- Cover art

Studio album by Fei Comodo
- Released: July 16, 2012
- Recorded: June 2009 – October 2011
- Genre: Melodic metalcore, post-hardcore
- Length: 45:16
- Label: Small Town Records

Fei Comodo chronology
| They All Have Two Faces (2008) | Behind The Bright Lights (2012) |  |

Singles from Behind The Bright Lights
- "The Air Is Cold Tonight" Released: 18 June 2012 ; "A Different World" Released: 9 July 2012;

= Behind the Bright Lights =

Behind The Bright Lights is the second and final studio album by metalcore band Fei Comodo. It was released on July 16, 2012, although it was originally due to be released on 14 May 2012. A special edition of the album was also released which contained bonus material, including acoustic performances, guitar tutorials and two music videos, alongside the album tracks. Two of the tracks on the album, "No Way Out" and "A Man Left Behind", had previously been released on the EP, The Life They Lead.

Professional ratings
Review scores
| Source | Rating |
| Hit the Floor | 9/10 |
| Planet Loud | 7/10 |

==Background==
Following the release of their first mini-album They All Have Two Faces, the band wanted to act quickly and get a full album out within a year. After touring in support of their first album they got together in September 2009 to start recording their next album. However things didn't go as planned and it would be almost a further three years before the album would be released. During the intermediate period, Fei Comodo released an EP, The Life They Lead, which included two tracks, "No Way Out" and "A Man Left Behind", which would later feature on Behind The Bright Lights.
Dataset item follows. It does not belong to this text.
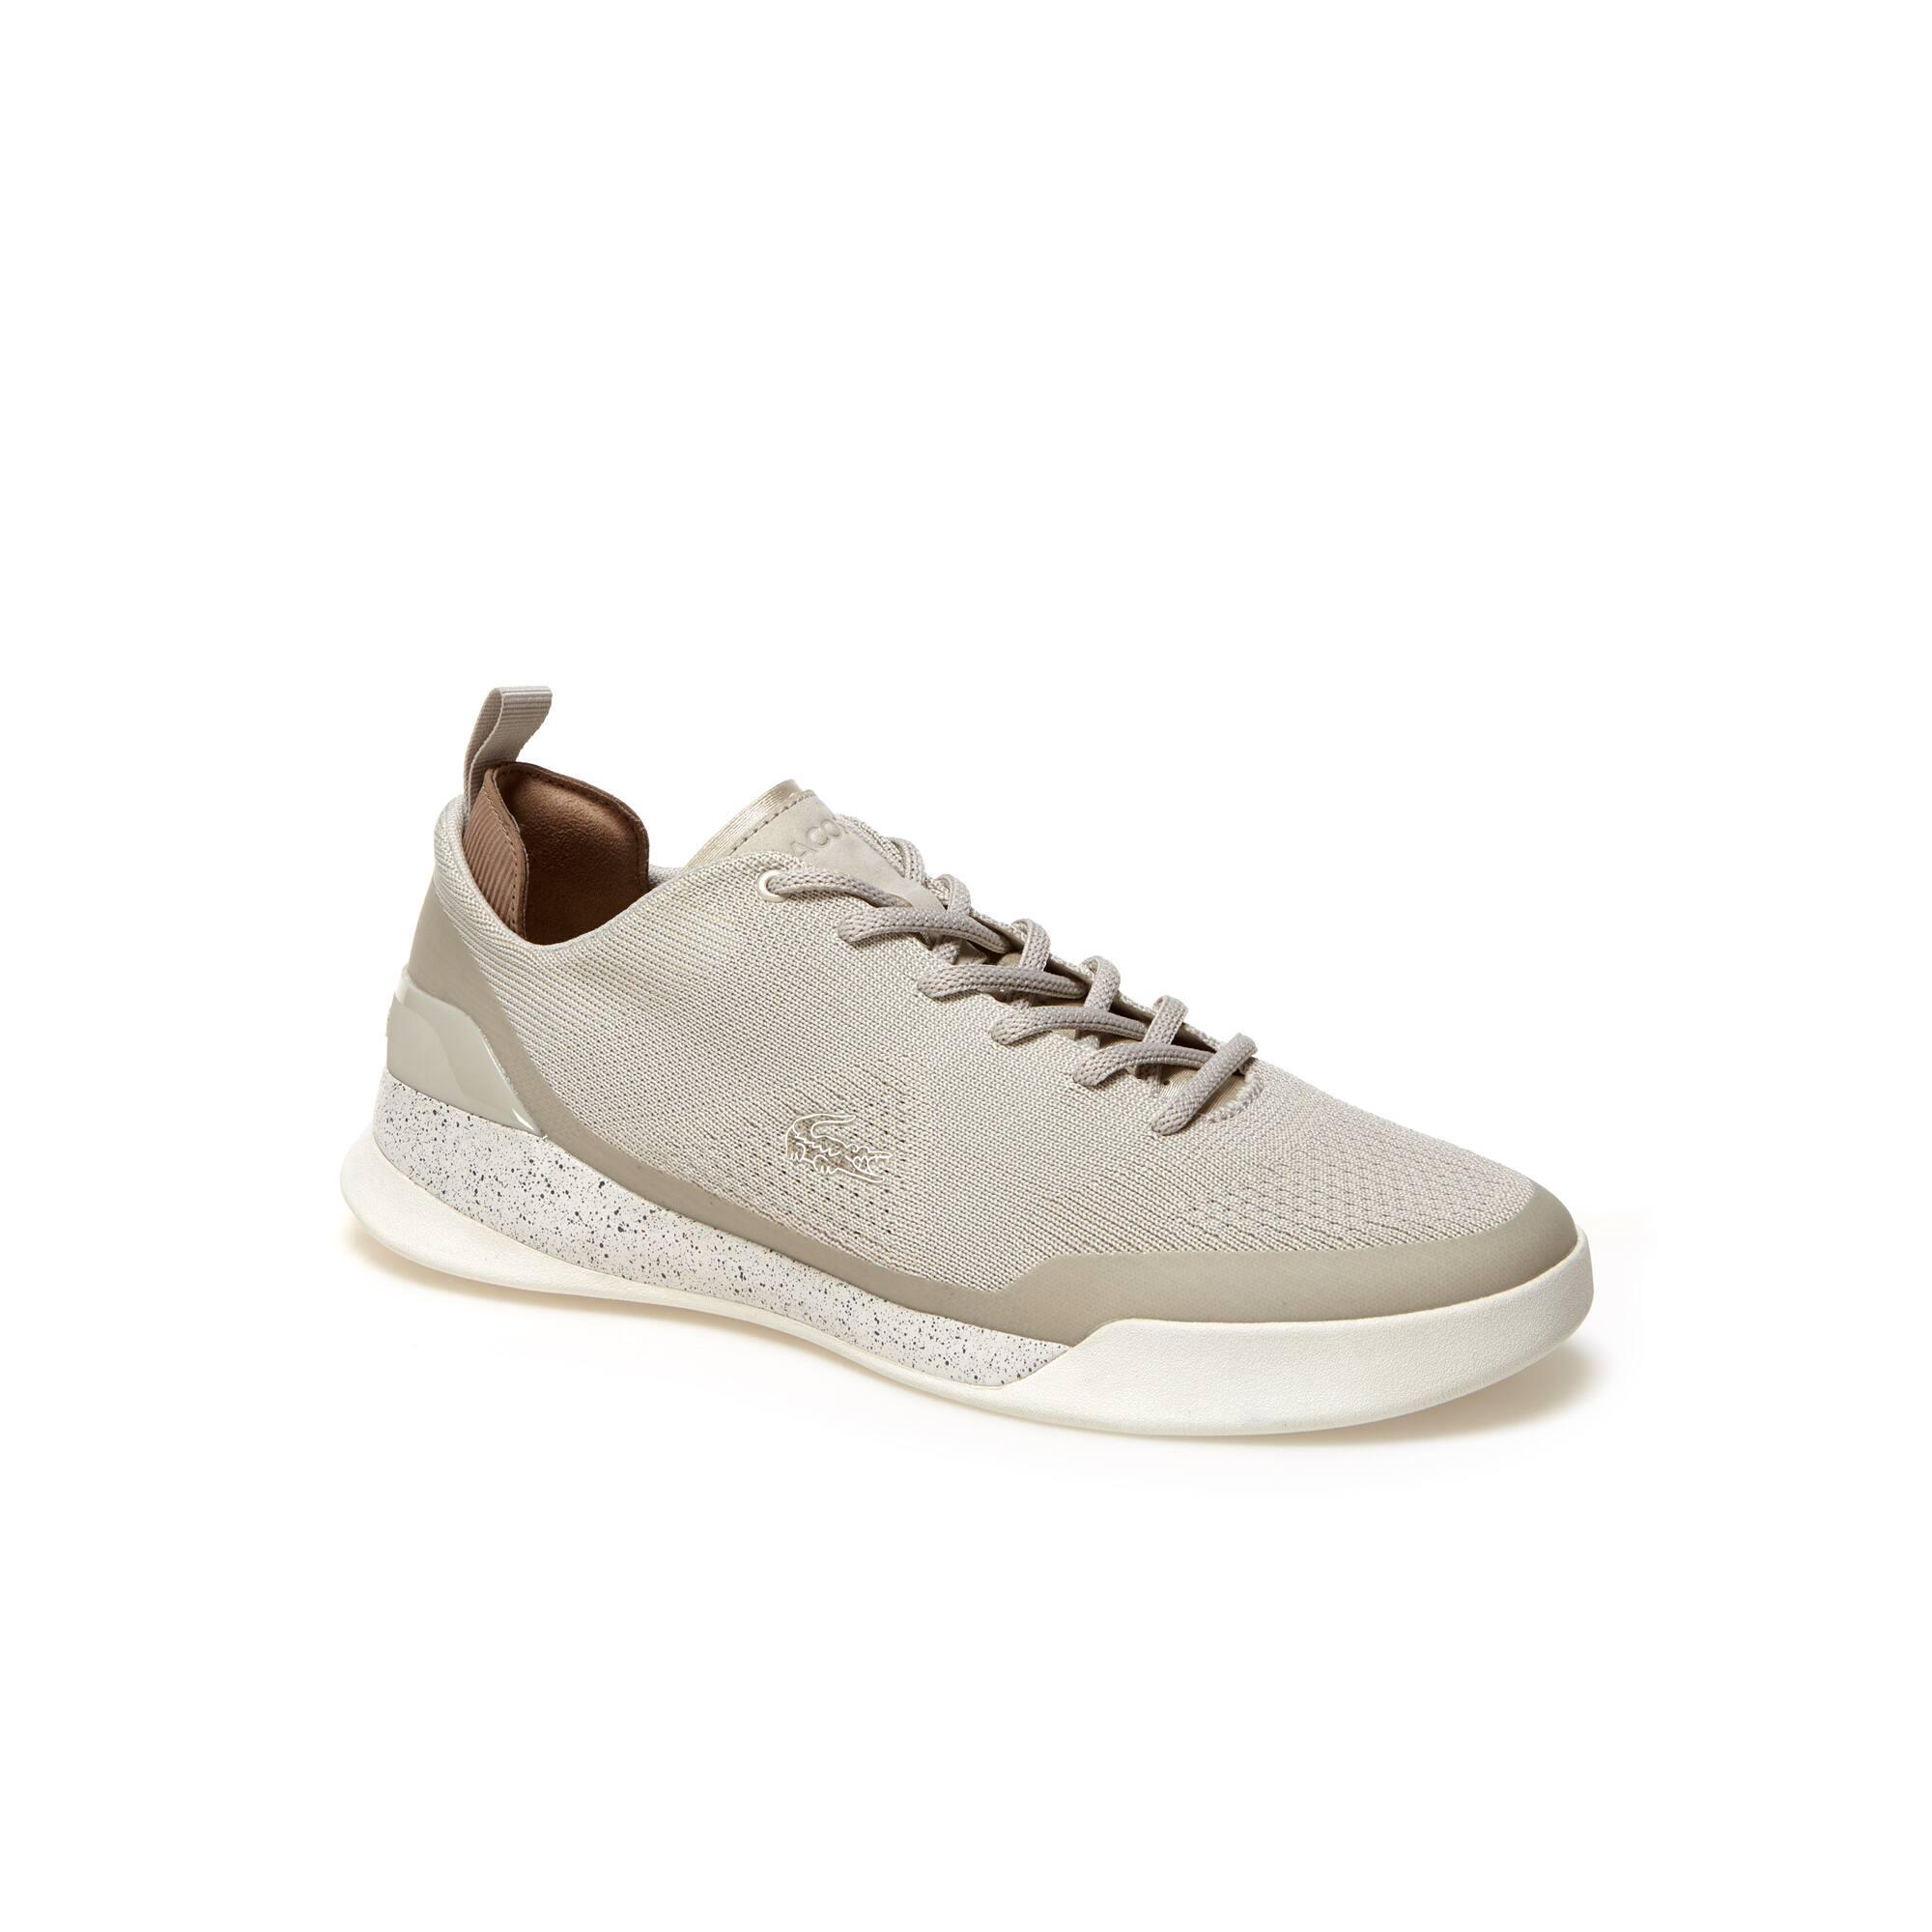 Herren-Sneakers LT DUAL ELITE aus Stoff

During this time the band members started pursuing other musical ventures, and by the time "Behind The Bright Lights" was ready for release, the band announced their separation due to no longer being the same people they were when they recorded the music.

==PledgeMusic Project==

On 17 February 2012 Fei Comodo announced that they were intending to release a special edition of Behind The Bright Lights and were running a project using PledgeMusic, a crowd funding website, in order to do so. By receiving pre-orders of the album through the site, the band was able to generate the required capital to produce the special edition - an example of fan-funded music. Fans were also able to purchase a variety of other exclusive content through the site, such as signed set lists, guitar lessons and private acoustic performances by the band. As an extra incentive, the band posted studio updates and released certain material early to fans who pre-ordered the album.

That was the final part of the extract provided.